US District judge Carl Barbier issued the order last night, after an appeals court reversed his rulings in a dispute between BP and lawyers for those who claimed to have been affected by the 2010 Gulf of Mexico spill.
BP has argued that Patrick Juneau, the court-appointed administrator for the compensation claims, would have caused it to pay billions for false or inflated claims.
Judge Barbier had rejected their bid to block the process, but an appeals court overturned his ruling earlier this week.
Last night the judge said the order to stop payouts applied to any claims in which the “matching of revenues and expenses is an issue”, but did not specify how many claimants could be affected.
Meanwhile the boss of a Scots oil drilling firm has backed BP’s attempts to close off the Macondo well.
Iain Adams, managing director of Aberdeen-based Norwell, had studied the company’s efforts at stopping the well following the blow-out which caused millions of gallons of oil to flood into the Gulf of Mexico in 2010.
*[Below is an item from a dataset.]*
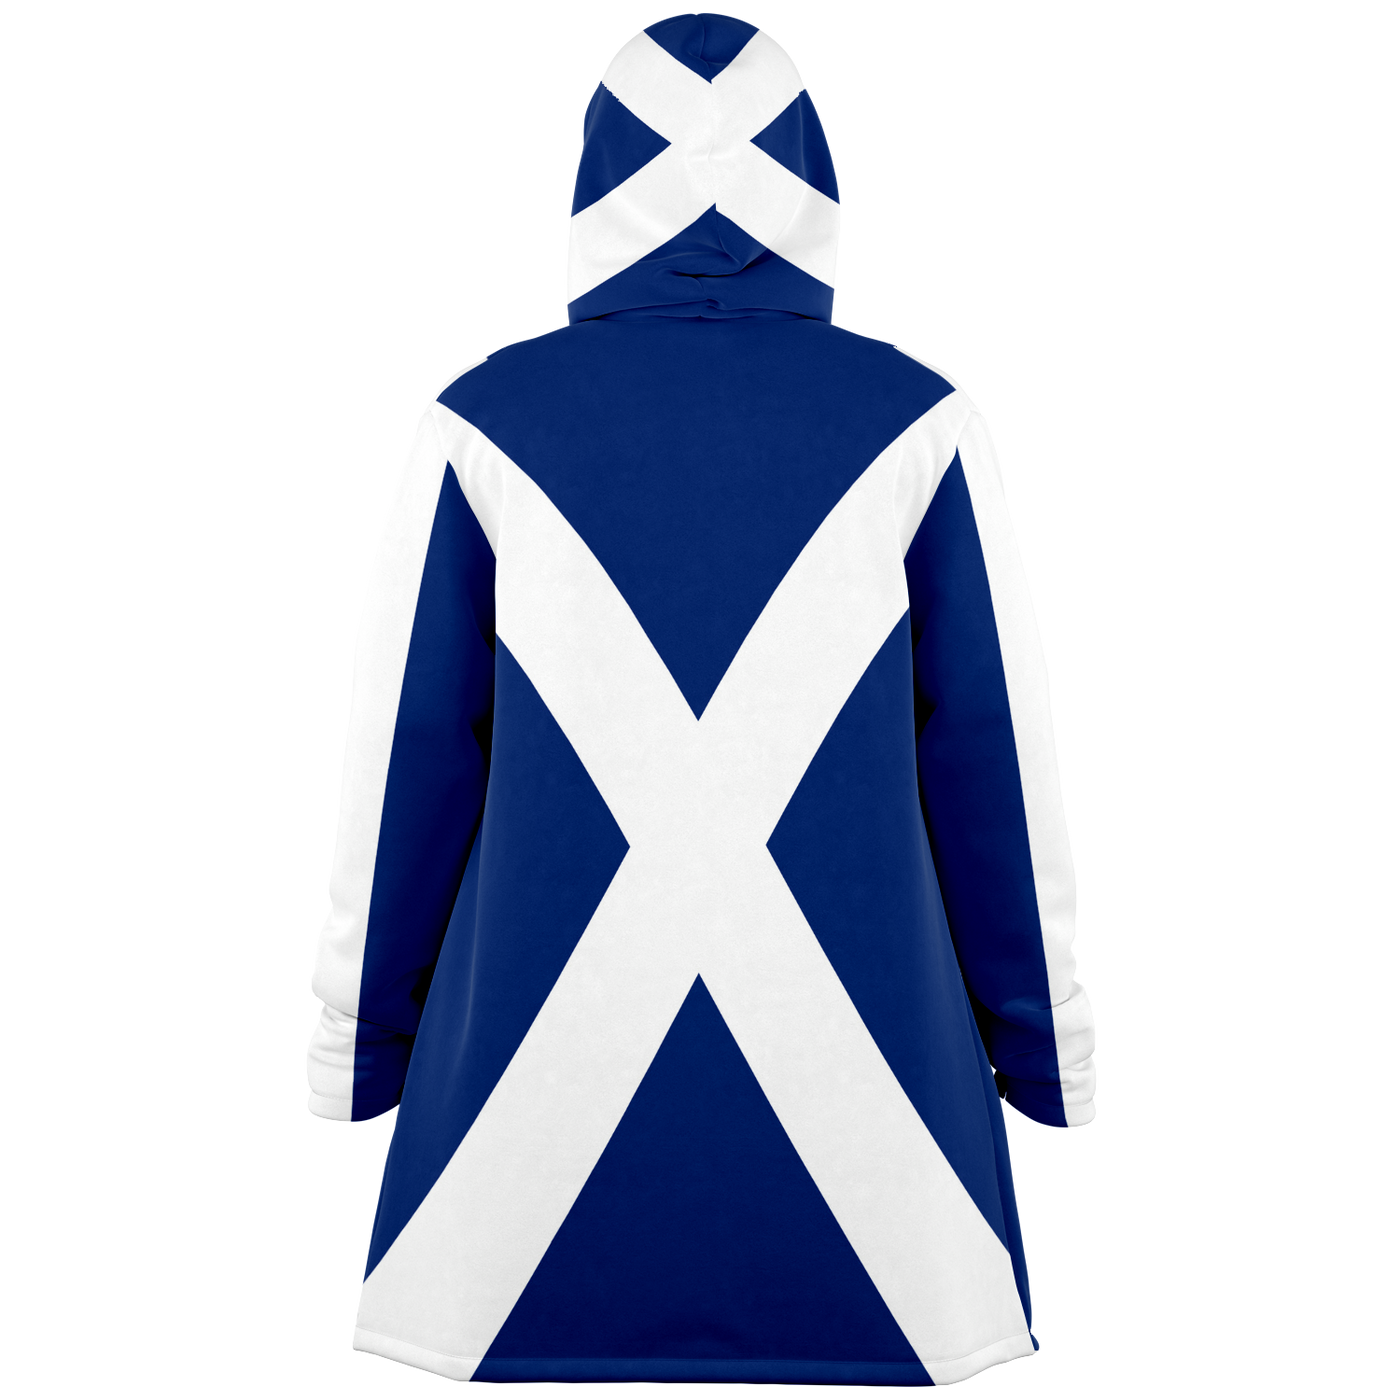 Capa de Microforro Polar con la Bandera de Escocia

“Horrendous as the situation is, it’s always possible to make it even worse,” he told a court in New Orleans, on day four of the second phase of the trial into the Deepwater Horizon disaster.
Mr Adams told the trial that BP had measured the risk of its attempted ‘top kill’ method before trying it, and that the option of putting in place another blowout preventer on top of the already ruptured one at the bottom of the sea would not have been ready in time.
“It was apparent that the BOP-on-BOP was not physically ready before top kill,” he said.
Earlier the company had played deposition videos, including one from Admiral Thad Allen, the national incident commander on the 2010 disaster, who said nobody in the industry had the equipment needed to cap the leaking well on standby.